The Urban Big Data Centre invite you to participate in a free training seminar on the concepts and processes for local modelling of spatial data. 'Understanding Local Modelling' is provided via our SASNet Fellowship Programme and will consist of two presentations from Stewart Fotheringham, Professor of Computational Spatial Science in the School of Geographical Sciences and Urban Planning at Arizona State University.
The afternoon seminar will provide time for discussion and networking around featured talks by Prof. Fotheringham:
'Local Modelling' - A short course that introduces the importance of local modelling and when to choose such models over the more common global modelling framework. Examples will be given of types of local models with reference to the well-known Geographically Weighted Regression (GWR) framework that Prof. Fotheringham co-developed.
'My model's bigger than yours' - A lecture demonstrating two modelling types that can be used in the analysis of Big Data (see abstract at bottom of page).
This free event will be held at the Hilton Glasgow Grosvenor in their spacious Kelvin Suite meeting room and will be relevant to anyone with an interest in big data and spatial data processes. It will be methods-focused and a knowledge of regression and hypothesis testing is recommended.
Suggested background reading:
A. Stewart Fotheringham, Chris Brunsdon and Martin Charlton 2002 Geographically Weighted Regression: The Analysis of Spatially Varying Relationships xii and 269 pages, Wiley: Chichester. ISBN 0-471-49616-2 (hardback).
A. Stewart Fotheringham 2009 “Geographically Weighted Regression” Chapter 13 pp 243-253 in The SAGE Handbook of Spatial Analysis eds. A. Stewart Fotheringham and P.A. Rogerson, Sage: London
***Please note: Registration is requested for catering purposes. Refreshments and snacks will be provided.
If you have any questions about the workshop, please contact: Keith.Maynard@glasgow.ac.uk
Presenter Short Bio
Stewart Fotheringham is Professor of Computational Spatial Science in the School of Geographical Sciences and Urban Planning at ASU. He is also a Senior Scientist in the Ann Wrigley Sustainability Institute. He established both the Centre for GeoInformatics at the University of St Andrews in Scotland and the National Centre for Geocomputation in Ireland.

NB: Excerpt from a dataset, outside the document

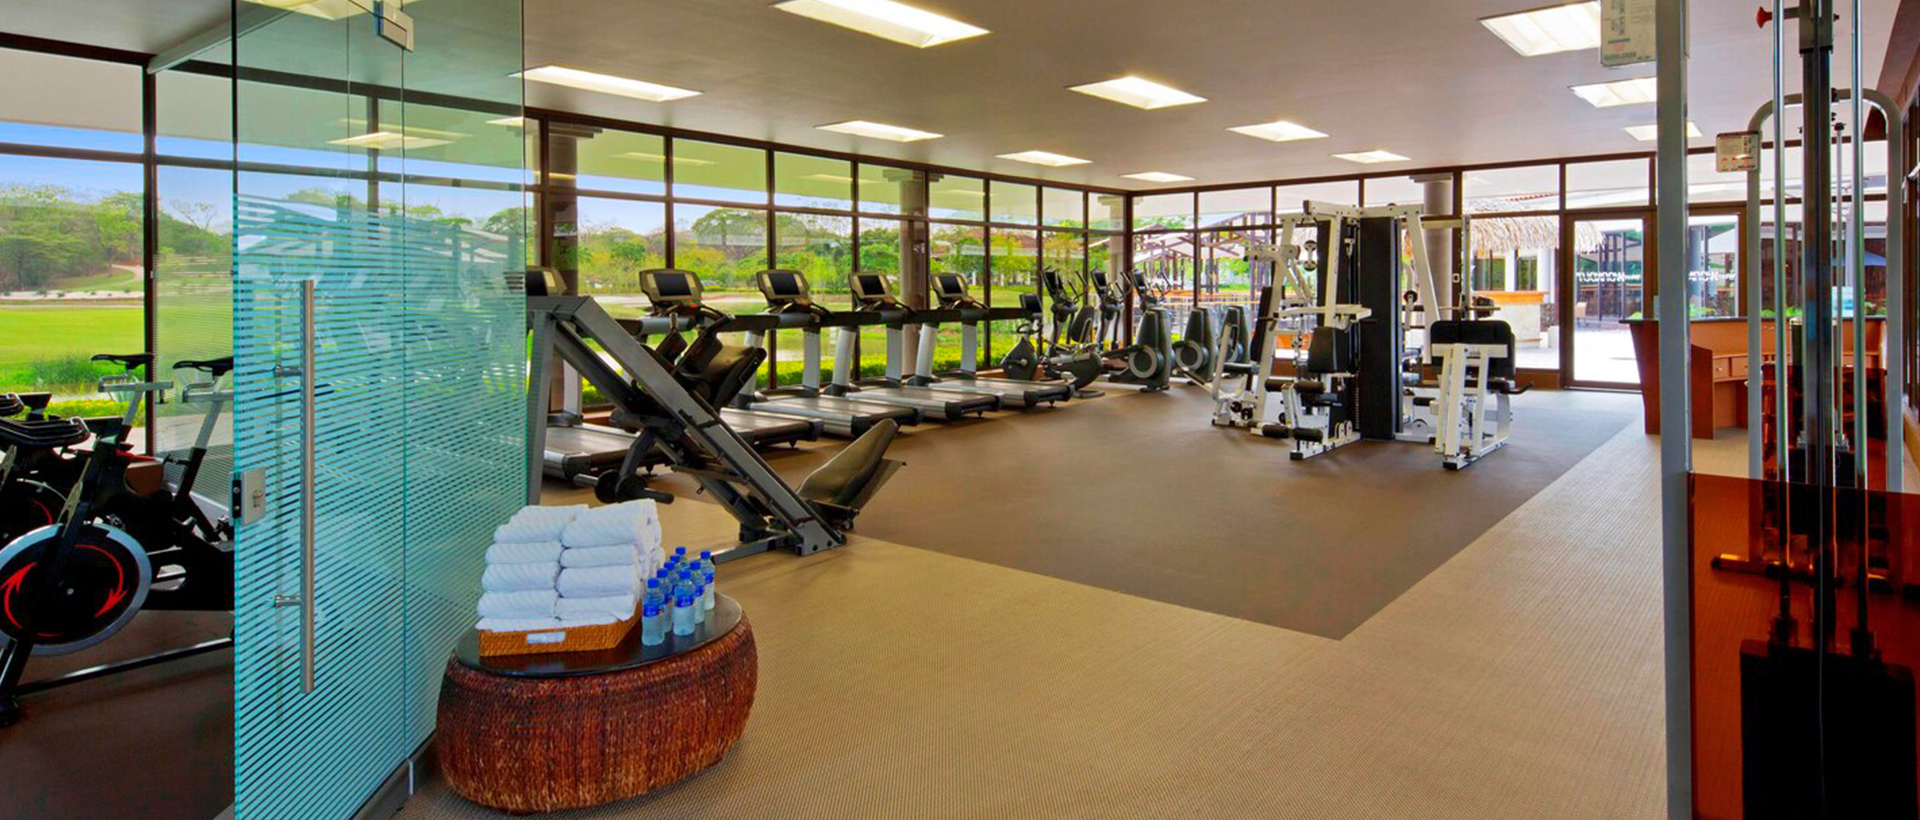 Westin WORKOUT® Fitness Studio at The Westin Reserva

He is a member of the US National Academy of Sciences and the Academica Europeae and a Fellow of the UK’s Academy of Social Sciences and serves on the Executive Committee of the Transportation Research Board and on the Evaluation panel for the European Research Council’s Consolidator Grants scheme. He was awarded the first Science Foundation Ireland Research Professorship in 2004 and has been awarded over $15m in funding, published 12 books and almost 200 research papers and book chapters. His research interests are in the analysis of spatial data sets using statistical, mathematical and computational methods. He is well-known in the fields of spatial interaction modelling and local statistical analysis; the latter as one of the developers of Geographically Weighted Regression. He has substantive interests in health data, crime patterns, retailing and migration.

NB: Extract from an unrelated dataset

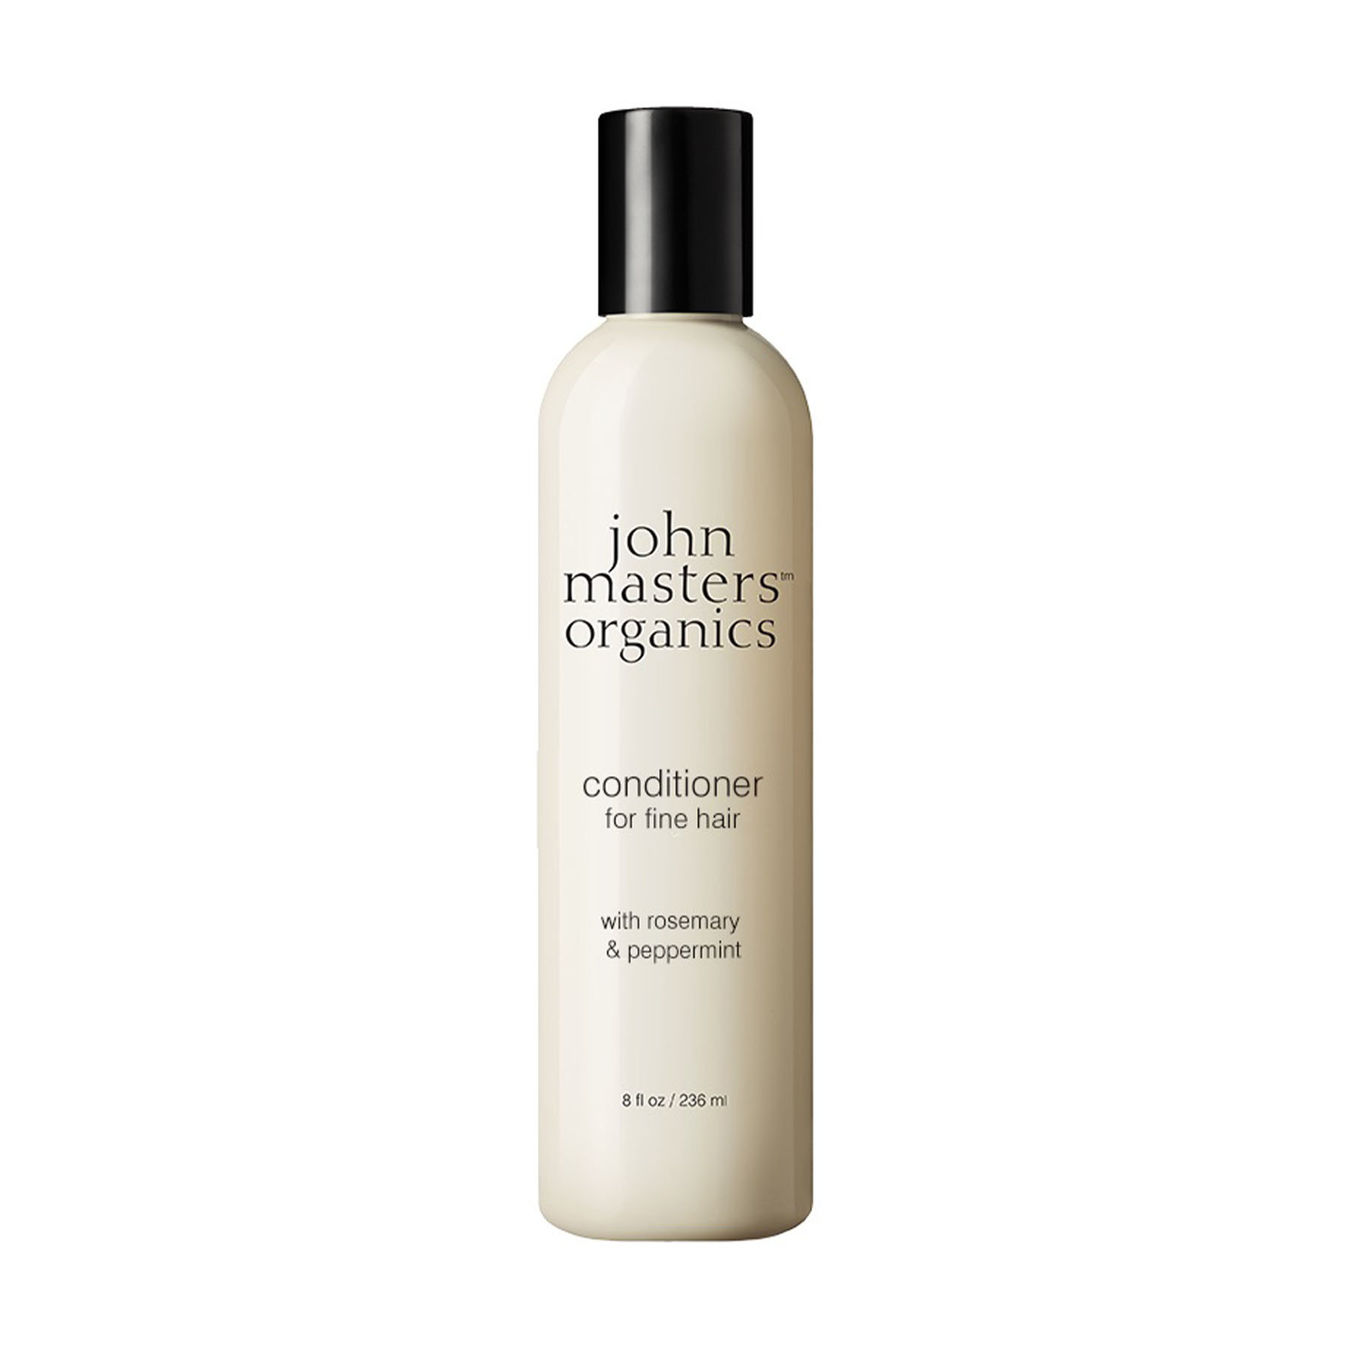 john masters organics with rosemary & peppermint conditioner for fine hair

Abstract: My Model's Bigger Than Yours
We seem to be surrounded by evidence suggesting we are in a new era in terms of data analysis – that of BIG data. Geography is in the midst of this phenomenon as many of the large data sets that have been produced in recent years have a spatial component. However, another current trend, which is equally important and equally in the domain of geography, has received much less attention: this is the development of BIG models. In this seminar, I demonstrate two examples of BIG models: one consists of an extension of the well-known Geographically Weighted Regression (GWR) framework; the other is an extension of the traditional ‘family’ of spatial interaction models.